▸ **TASK PROMPT**
Every line below is to be copied exactly, with the pictures left out.

▸ **INFORMATION SUPPLIED**

━━━

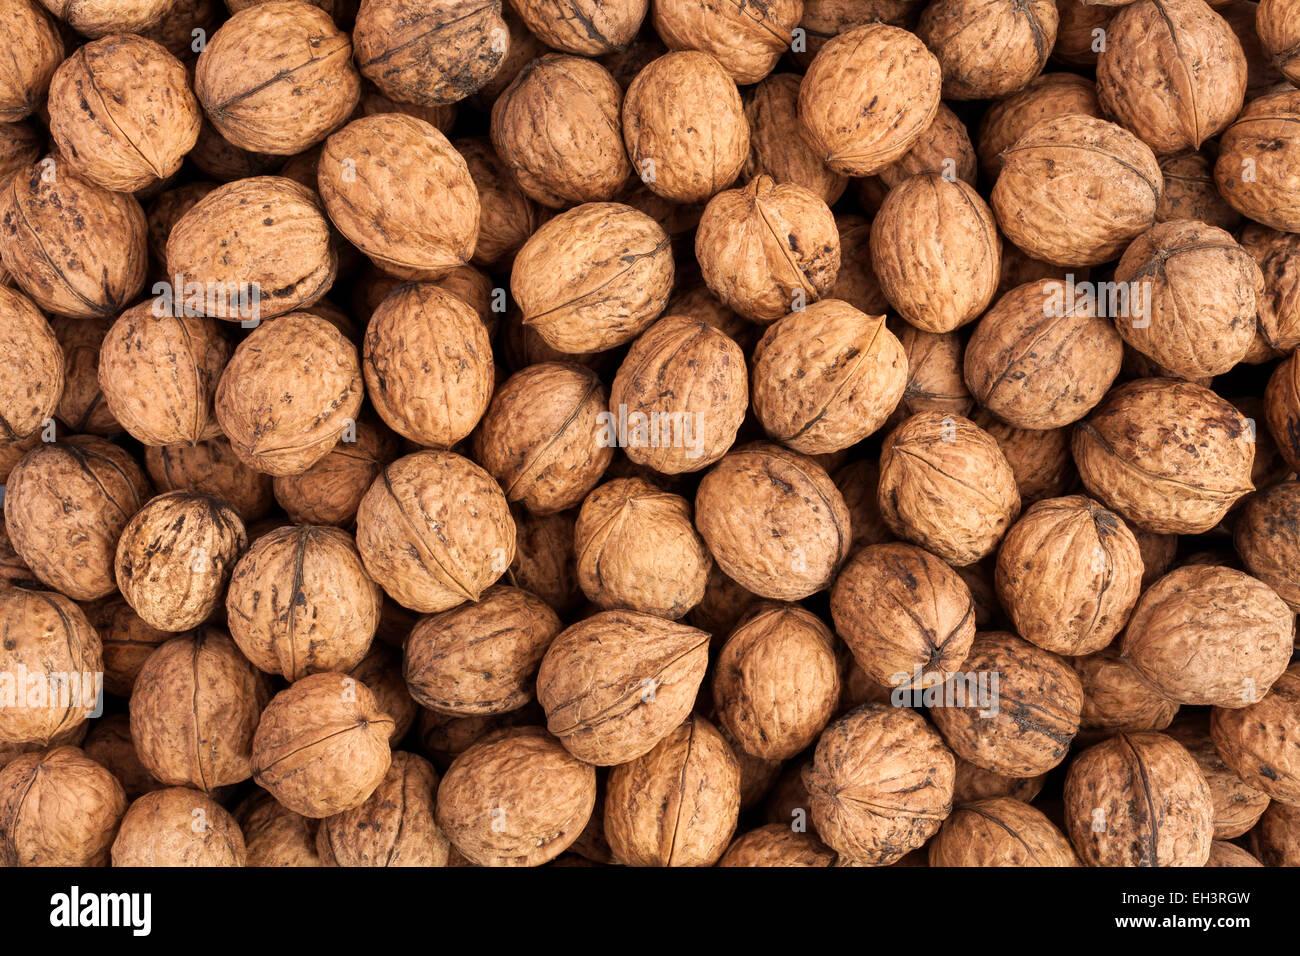 walnuts texture - Stock Image
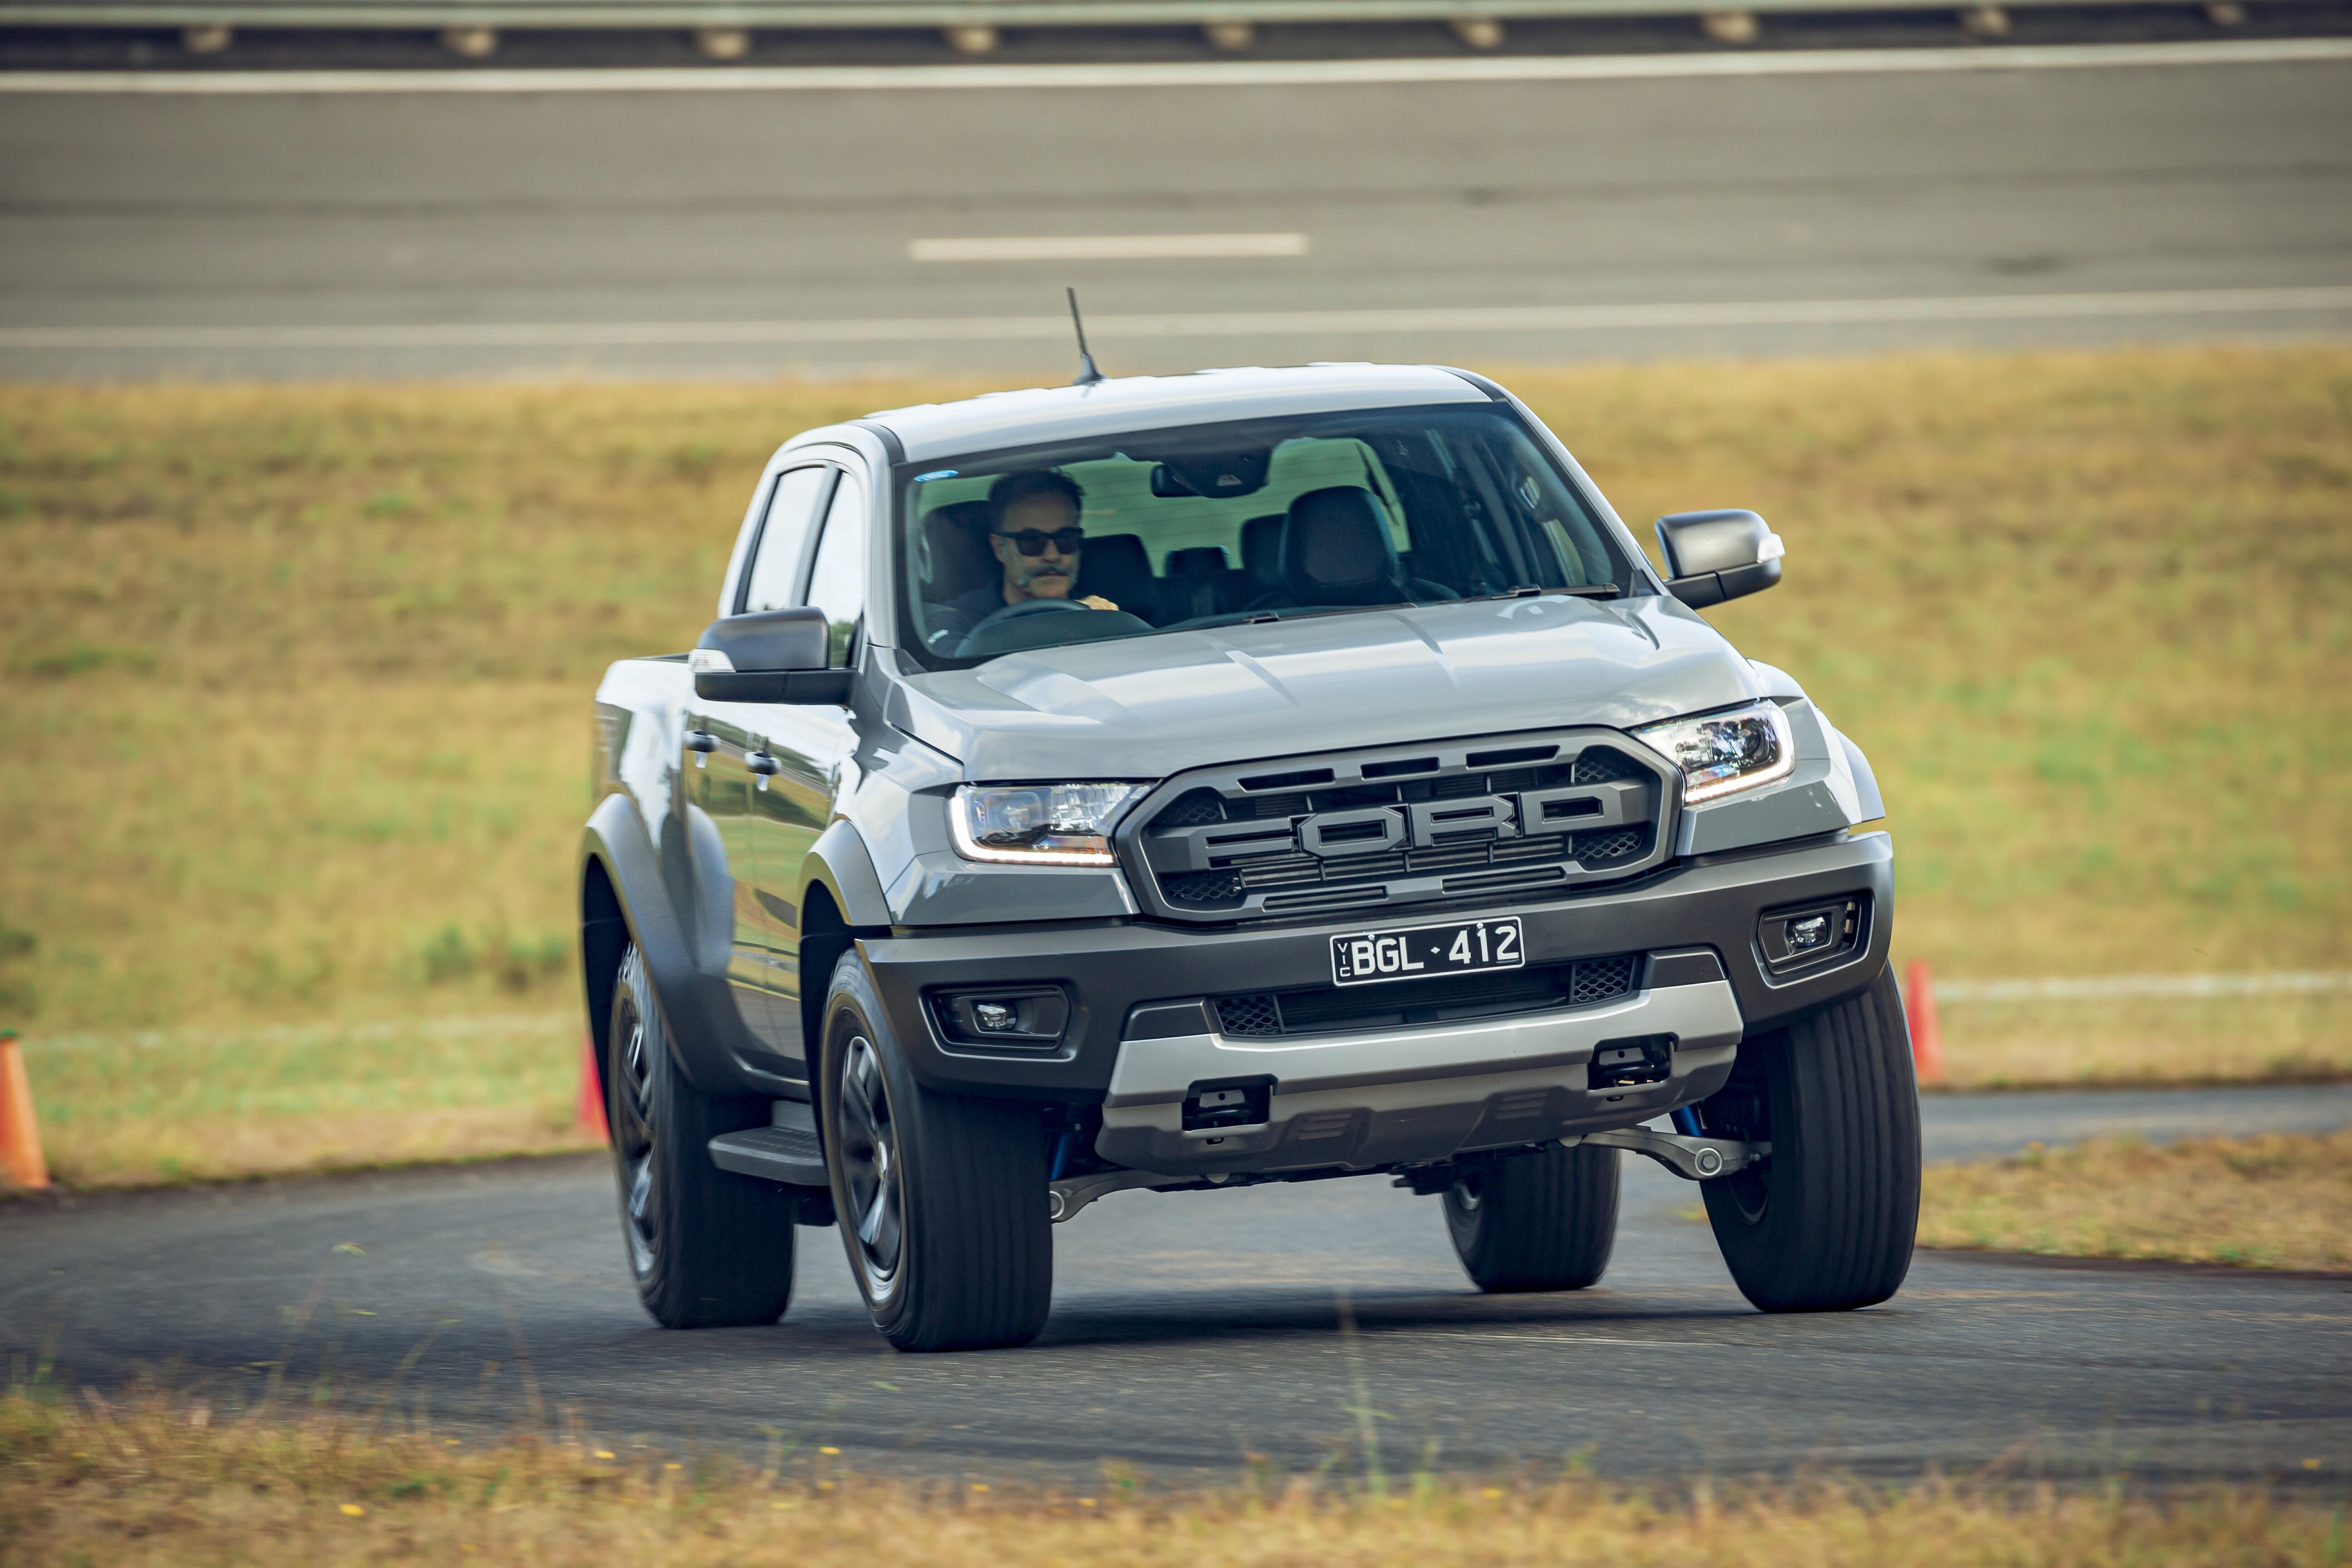 4 X 4 Australia Comparisons 2021 May 21 Ford Ranger Raptor Handling
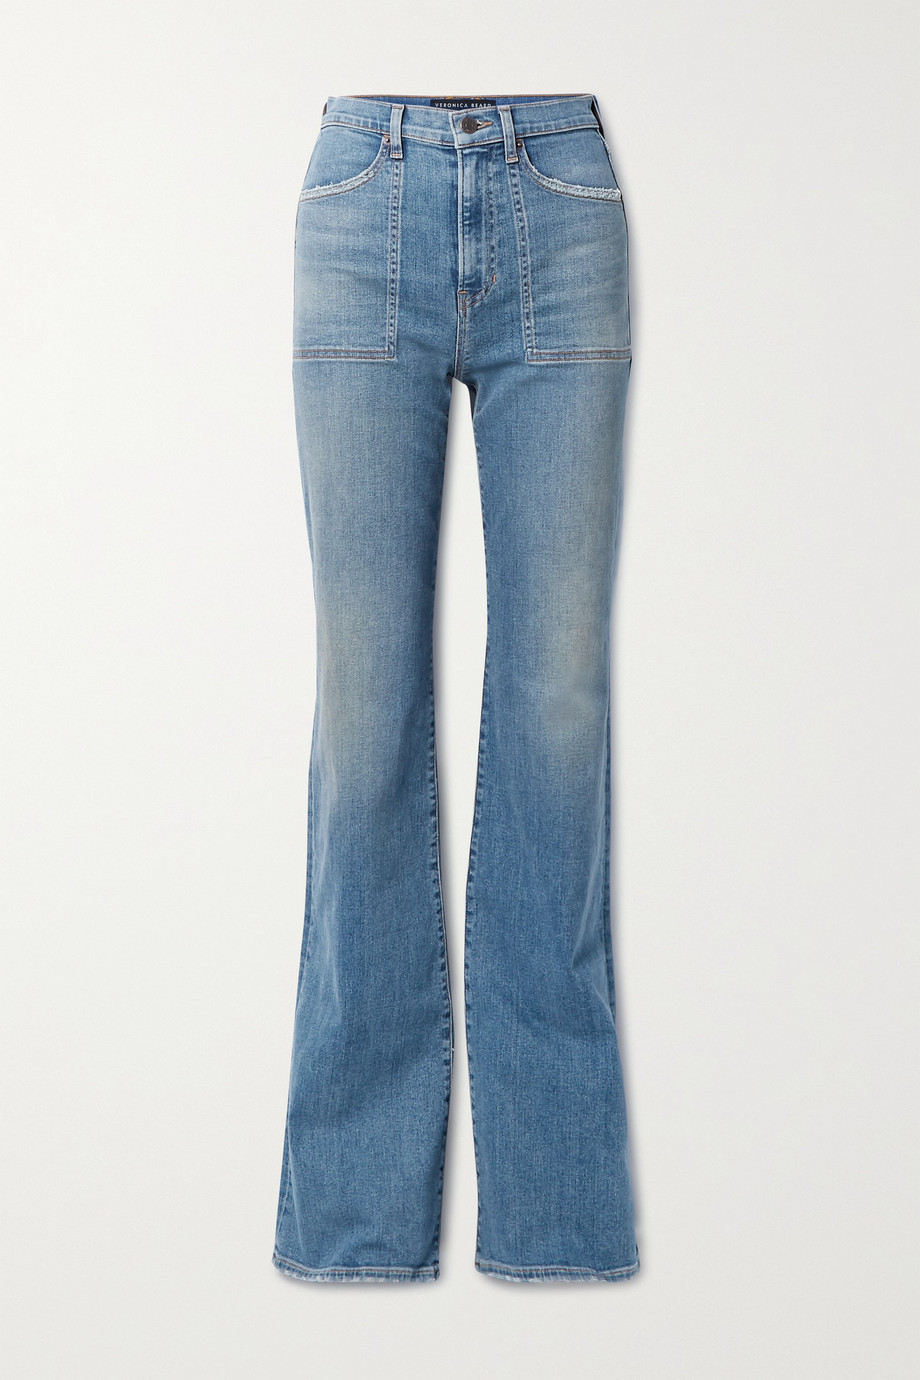 Veronica Beard Crosbie high-rise flared jeans

━━━

▸ **THE COMPLETED TASK**
 walnuts texture - Stock Image
 4 X 4 Australia Comparisons 2021 May 21 Ford Ranger Raptor Handling
 Veronica Beard Crosbie high-rise flared jeans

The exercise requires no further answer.